4. Empatia: percepire i sentimenti degli altri, essere in grado di adottare la loro prospettiva e coltivare fiducia e sintonia emotiva con un’ampia gamma di persone fra loro diverse. 5. Abilità sociali: gestire bene le emozioni nelle relazioni e saper leggere accuratamente le situazioni sociali; interagire fluidamente con gli altri e usare queste capacità per guidarli, per ricomporre dispute, come pure per cooperare e lavorare in equipe. Questa dimensione risponde ad un modo diverso di comprendere l’intelligenza, che va al di là degli aspetti cognitivi, come la memoria o la capacità di comprendere problemi.

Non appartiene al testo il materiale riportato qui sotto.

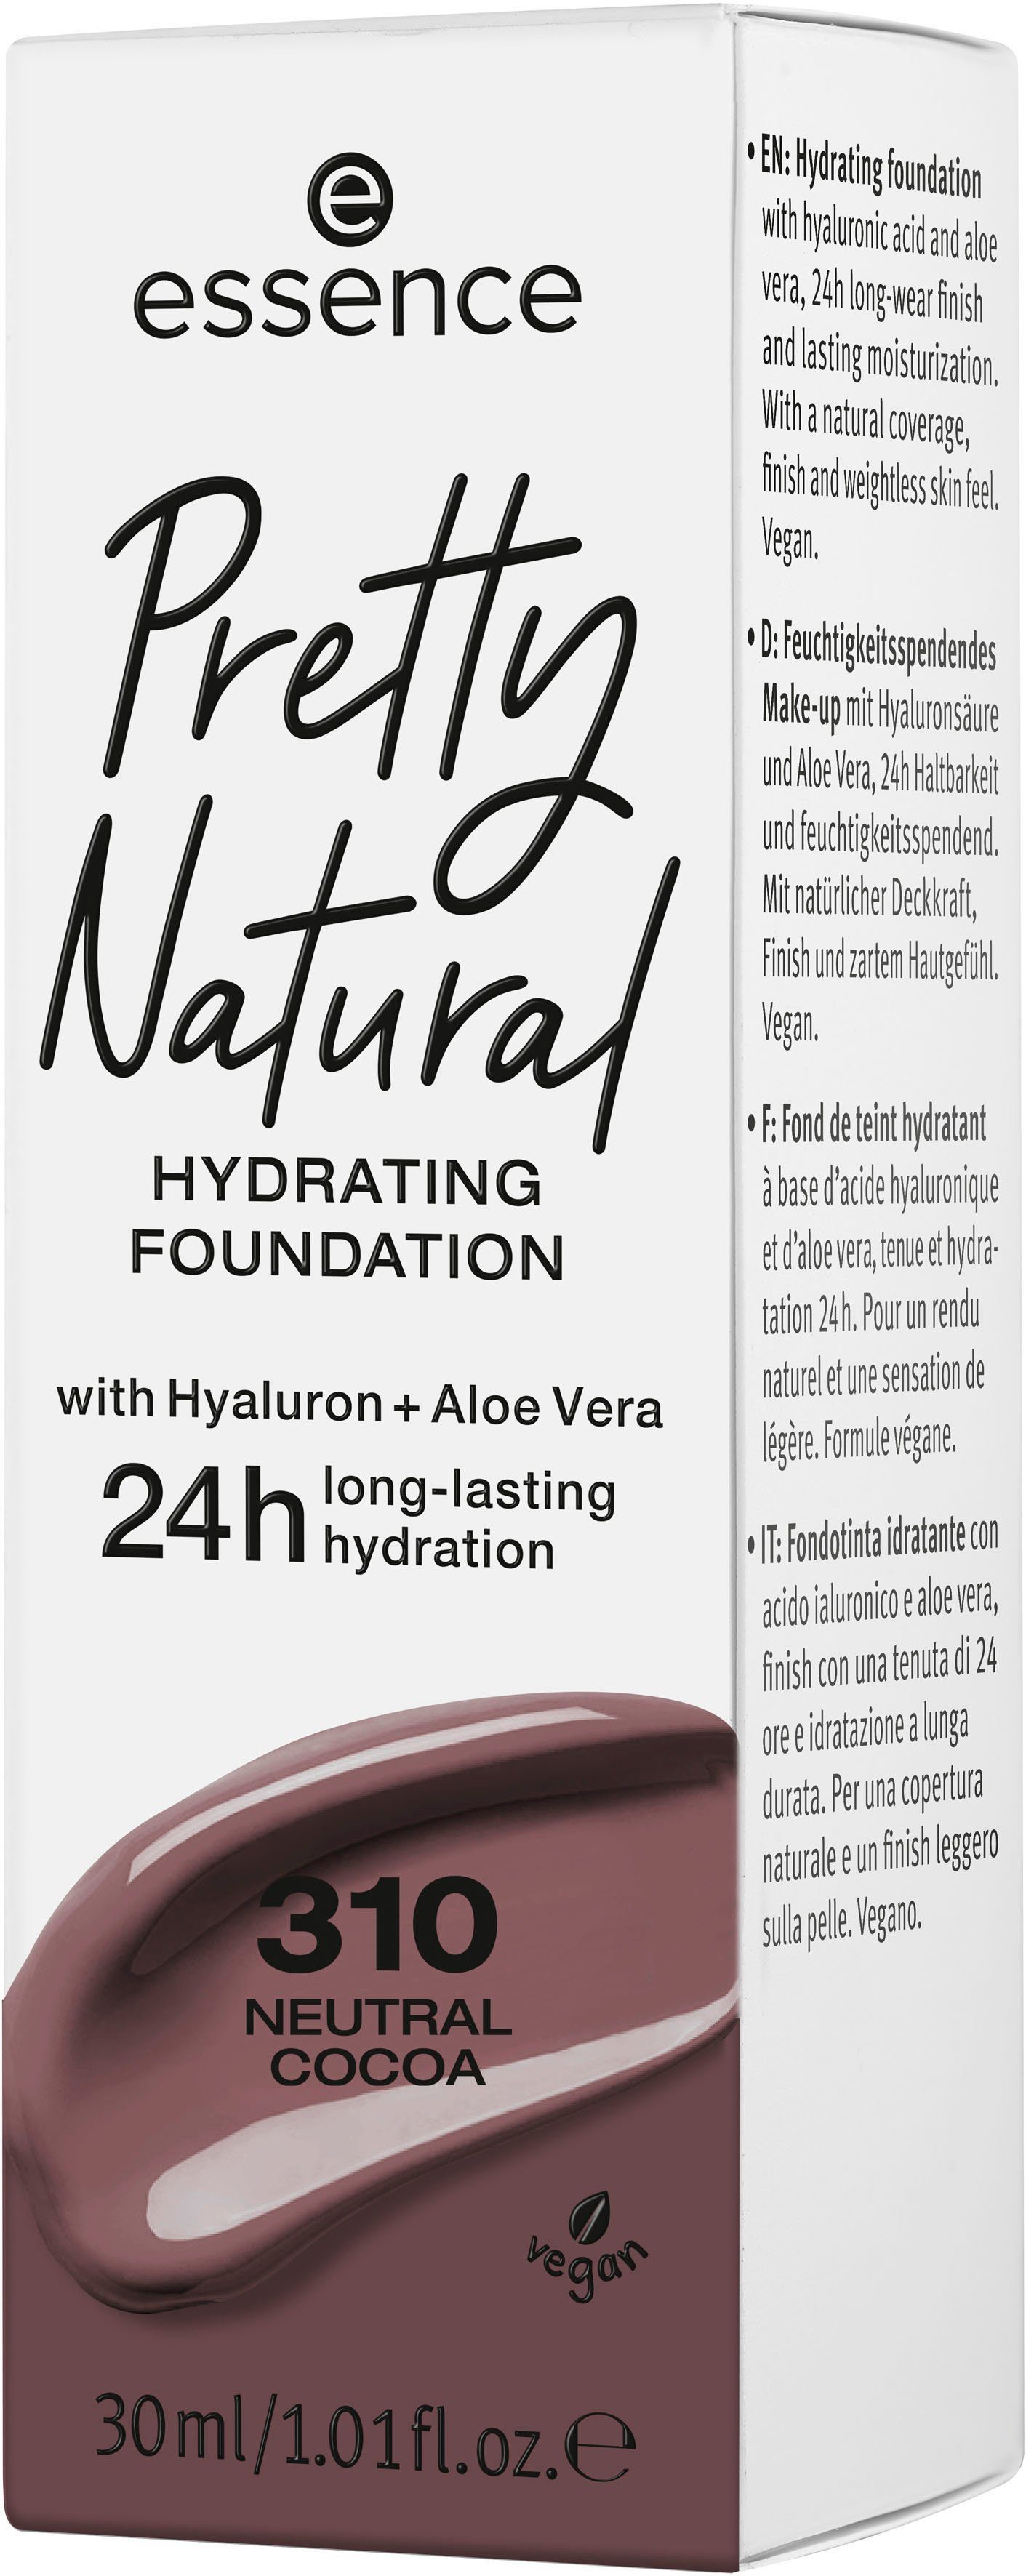 Pretty 3-tlg. Neutral Foundation HYDRATING, Cocoa Essence Natural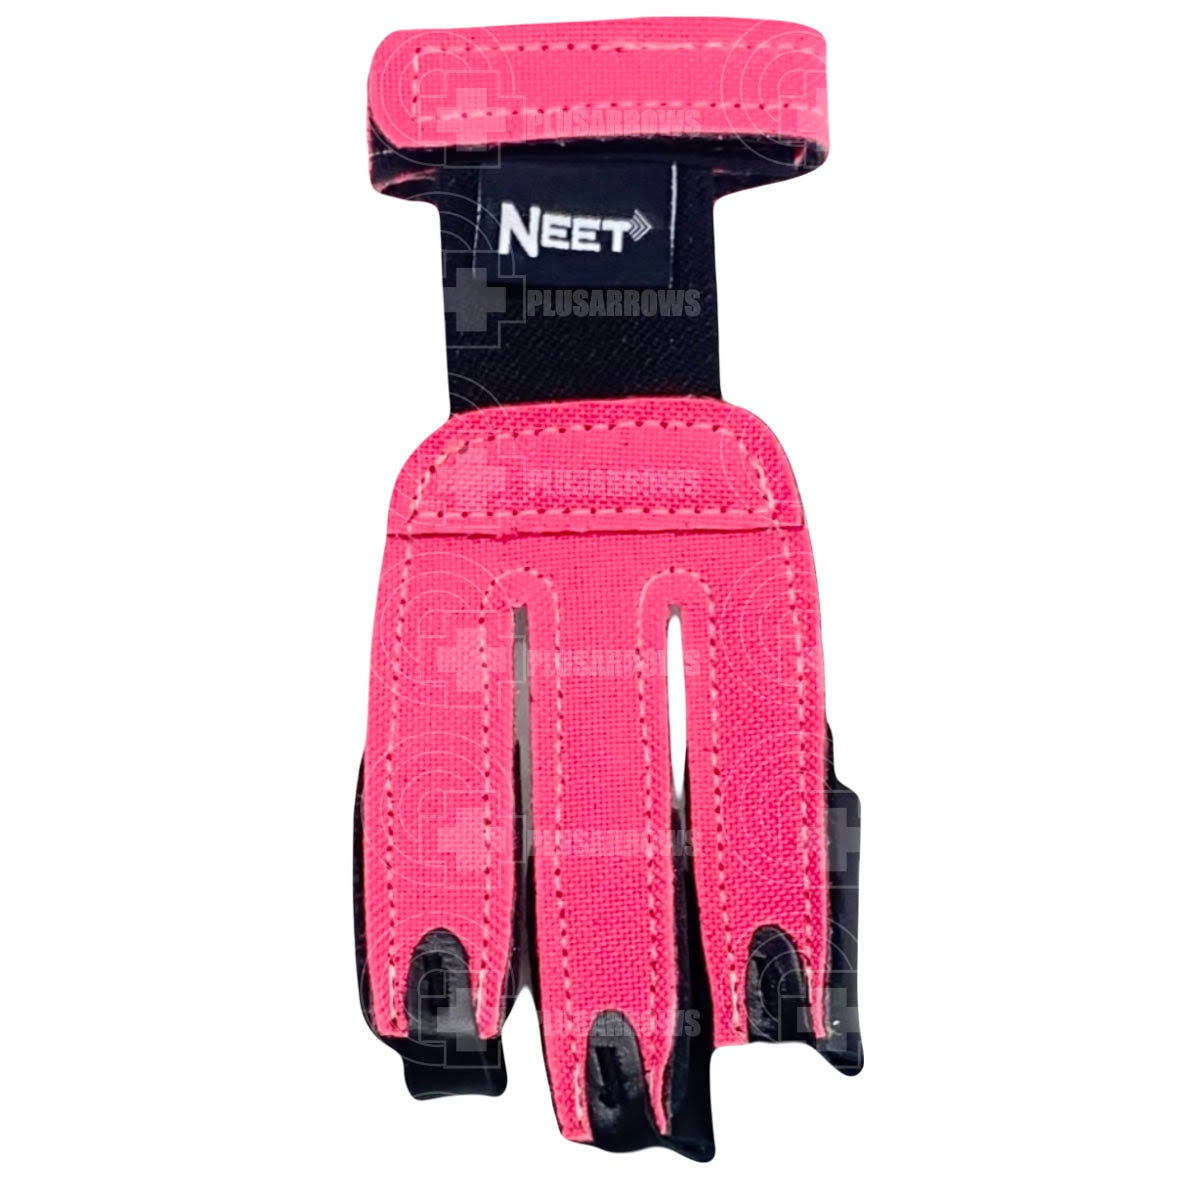 NEET NY-G2-N Youth Shooting Glove Neon Pink Regular

Si parla, innanzitutto, della capacità di dirigersi in maniera efficace agli altri esseri umani e a sé stessi, di connettersi con le proprie emozioni, di gestirle, di auto-motivarsi, di frenare gli impulsi, di vincere la frustrazioni.
Goleman spiega che il suo approccio all’intelligenza emotiva prevede quattro dimensioni di base:
• La prima è l’auto-coscienza, e fa riferimento alla nostra capacità di comprendere quello che sentiamo e di restare attaccati ai nostri valori, alla nostra essenza.
• Il secondo aspetto è quello dell’auto-motivazione e della nostra abilità di orientarci verso le nostre mete, di recuperare i contrattempi, di gestire lo stress.
• La terza ha a che vedere con la coscienza sociale e con l'empatia.
• La quarta dimensione è senz’altro la pietra filosofale dell’intelligenza emotiva: la nostra capacità di relazionarci per comunicare, raggiungere accordi e creare connessioni positive e rispettose con gli altri.
Nelle sue opere l’autore ci spiega che parte di questa capacità risiede nella nostra epigenetica. In altre parole, è possibile attivarla o disattivarla a seconda dell’ambiente emotivo e sociale nel quale si cresce e si viene educati.
Da tutto ciò è facilmente comprensibile come una scuola che si pone l'obiettivo di essere un laboratorio esperienziale per i sui alunni e alunne non può farlo a prescindere dalla cura degli aspetti emotivo-relazionali che li riguardano. Questo significa anche fare prevenzione primaria , andando a sostenere aspetti che rappresentano fattori protettivi per i giovani, in modo da impedire o ridurre l'insorgenza di comportamenti che possono configurare situazioni a rischio.